459.3
Bodies of Vulnerabilities: Using the Intersectionality Lens in Disaster Research
Bodies of Vulnerabilities: Using the Intersectionality Lens in Disaster Research
Tuesday, 12 July 2016: 14:45
Location: Hörsaal 16 (Main Building)
Oral Presentation
Social vulnerability as one core concept of disaster sociology cannot be discussed independently from patriarchy, capitalism and colonialism (Enarson et al. 2007, 132). Feminist approaches highly contribute to the debate on social vulnerability, as they not only ask for specific vulnerabilities of specific actors, but rather scrutinize the social construction of actors, or to be more precise, the bodies that are rendered vulnerable. When a disaster strikes and a social system – i.e. the unit of reference – has been disrupted, research can find a starting point by raising the questions of 'whose system' and 'who defines it' (ibid., 131)?
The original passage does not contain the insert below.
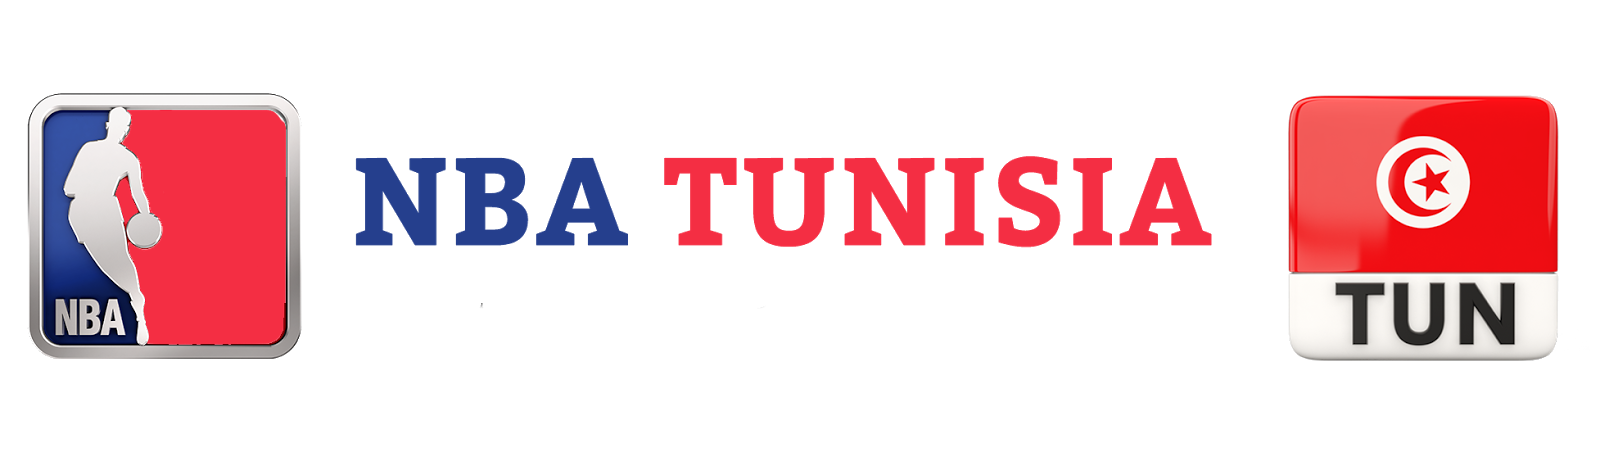 NBA TUNISIA

Power and its symbolic dimensions in forming vulnerabilities, bodies and vulnerabilities of the body will be at the centre of the presentation. Research that has been conducted on disaster and gender centres on a substantializing notion of 'women' and their vulnerability, which firstly obscures the power structures associated with different categories of 'women' and 'men'; secondly this very notion neglects an emphasis on the generic vulnerability of a human body. Planning for the adaption to natural hazard induced disasters, research has advocated focusing on women’s capabilities instead of presenting them one-dimensionally as weak individuals (Bradshaw and Fordham 2013). While we sympathize with this methodology we want to broaden the angle and de-construct the gendered notions of vulnerable bodies by integrating an intersectionality lens on masculinities and femininities. Capturing relations of masculinities and femininities in practice refers to struggles of sub-ordinated forms of gender practices that, in turn, relate to dominant forms (Connell and Messerschmidt 2005; Connell 1995; Halberstam 1998). They find expression in different, socially constructed vulnerabilities of bodies. While the intersectional approach poses an interesting theoretical enterprise, the presentation will conclude on whether this methodological lens challenges a common ground for claims in social justice and forms of representation.